### PROBLEM DETAILS
Print the data exactly as written, line for line, and leave its pictures behind.
***** STORED DATA *****
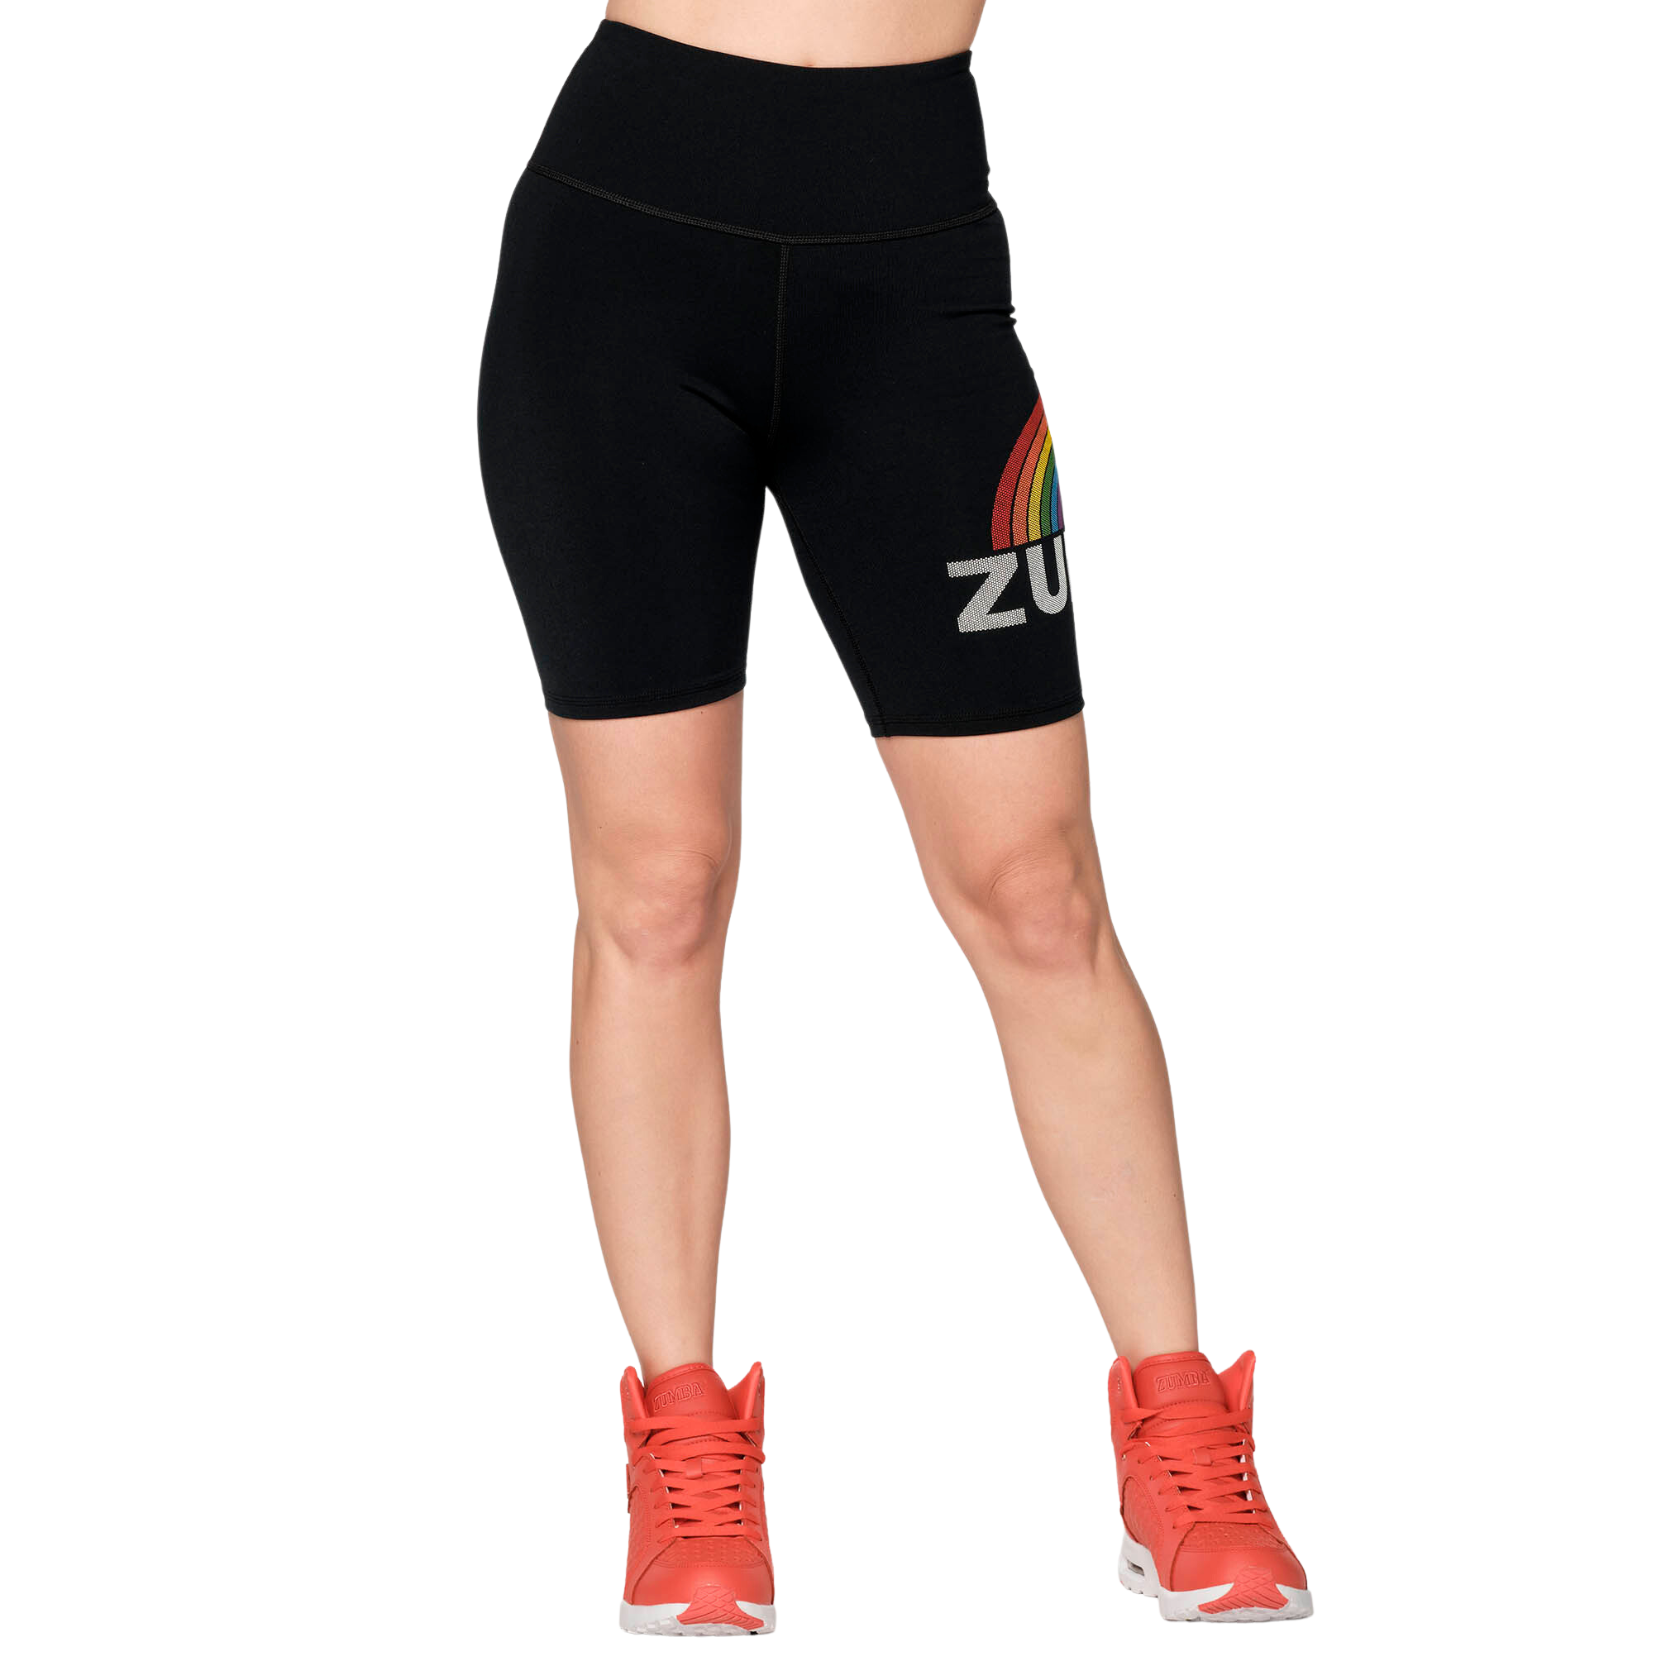 Zumba With Pride High Waisted Biker Shorts (Special Order)
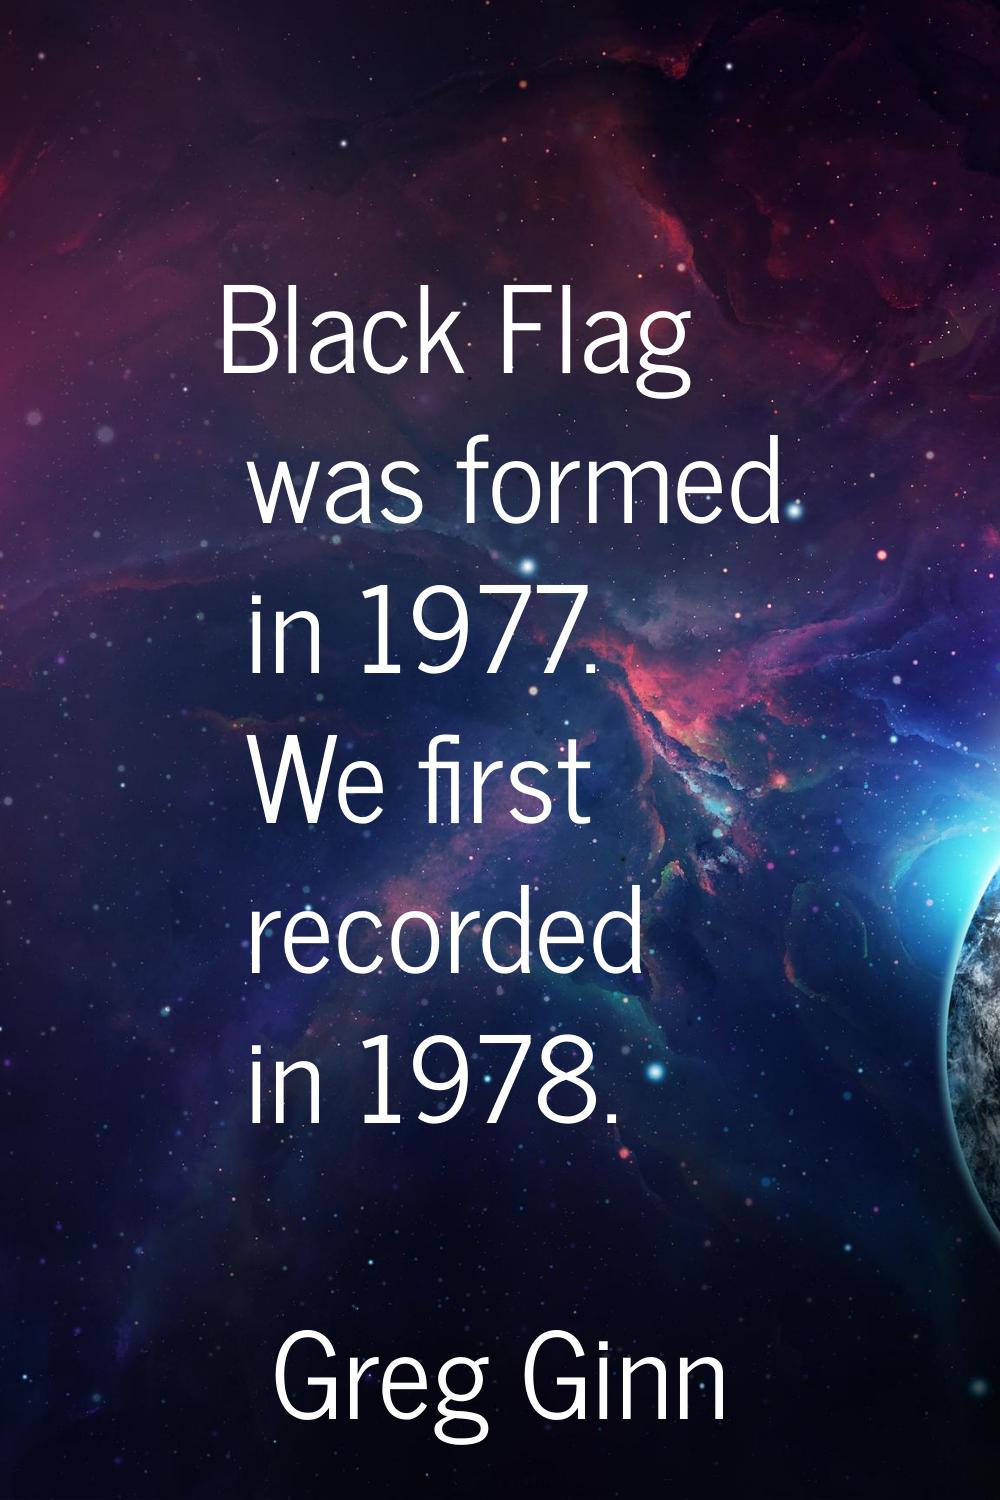 Black Flag was formed in 1977. We first recorded in 1978.
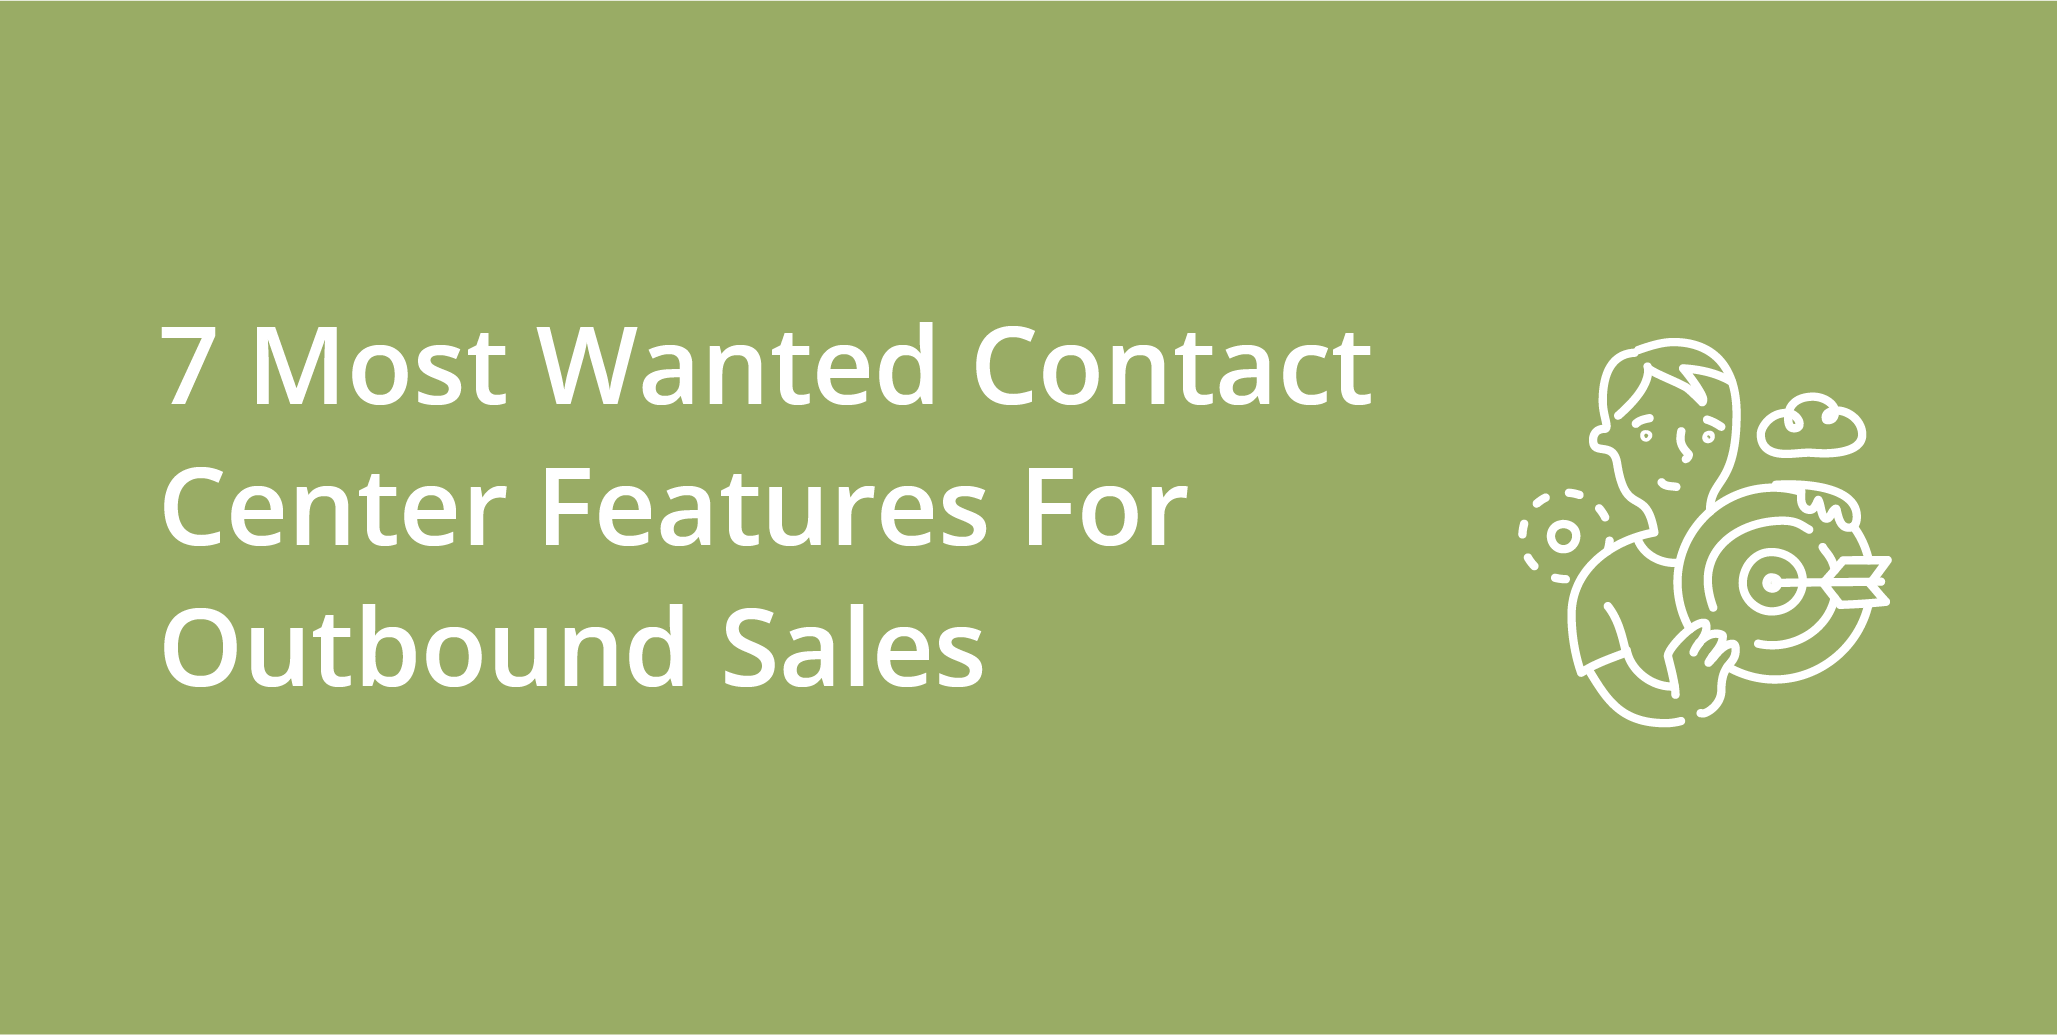 7 Most Wanted Contact Center Features For Outbound Sales | Telephones for business
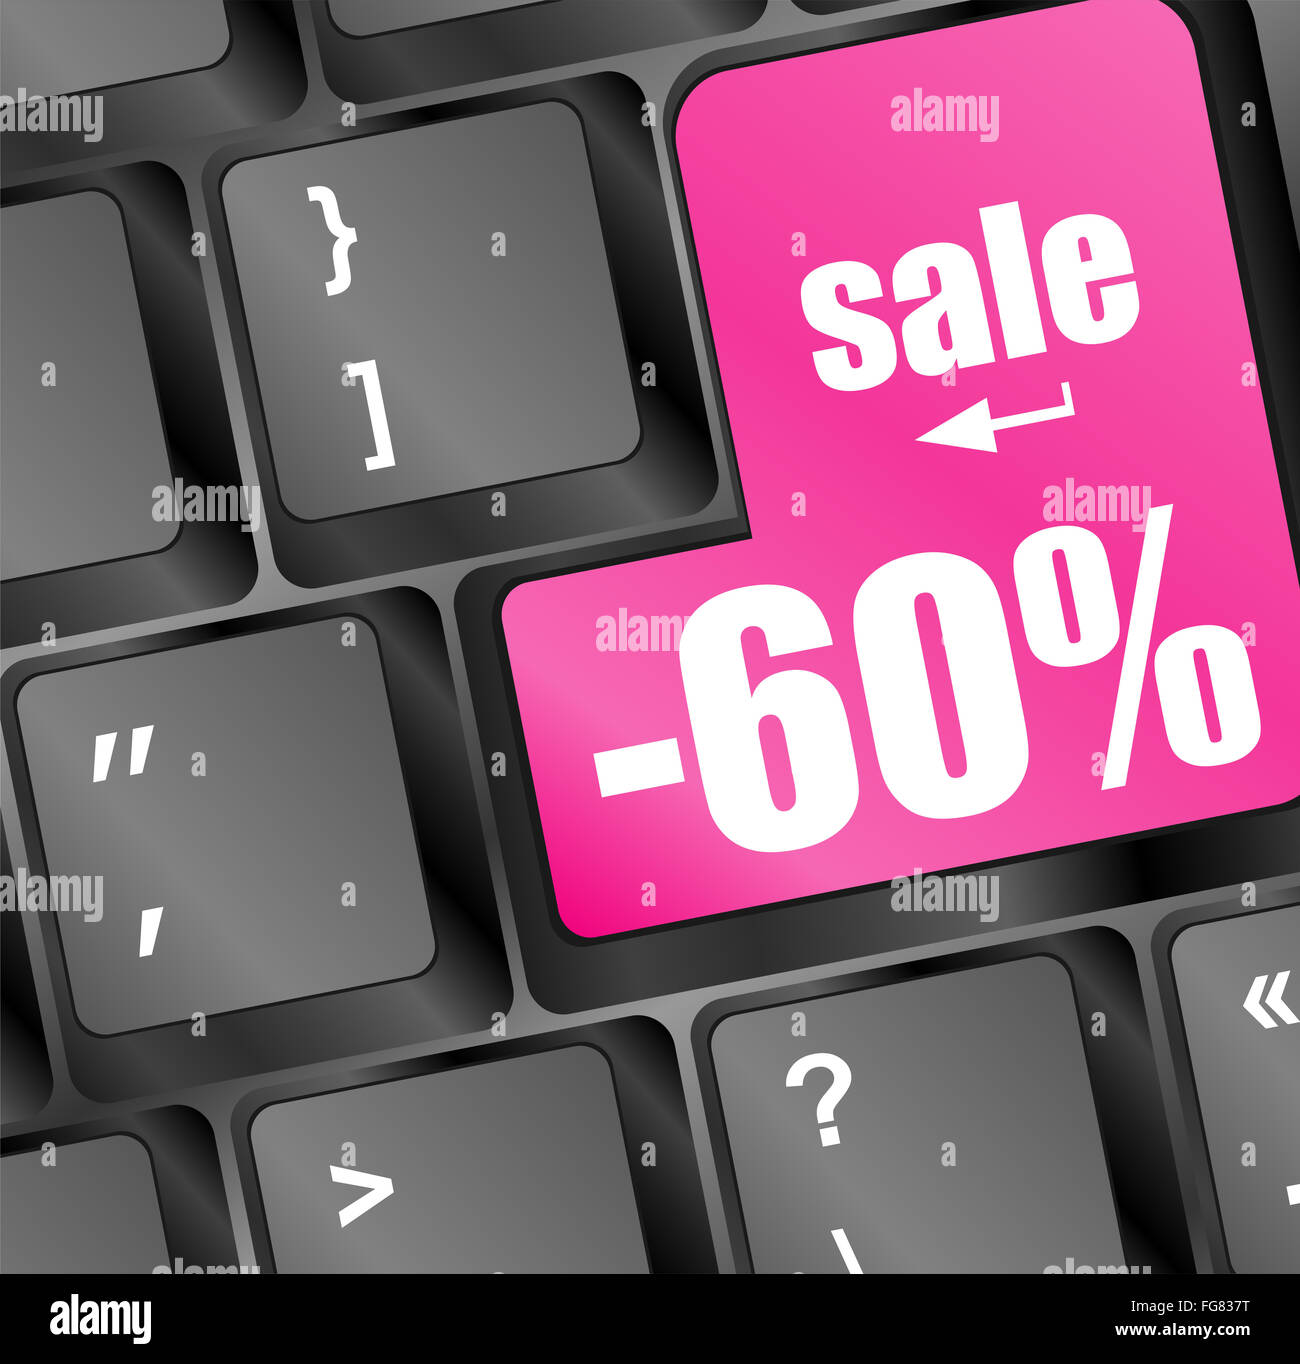 sale key in place of enter key on computer keyboard Stock Photo
*****
### EXERCISE SOLUTION
 Zumba With Pride High Waisted Biker Shorts (Special Order)
 Black Flag was formed in 1977. We first recorded in 1978.
 7 Most Wanted Contact Center Features For Outbound Sales | Telephones for business
 sale key in place of enter key on computer keyboard Stock Photo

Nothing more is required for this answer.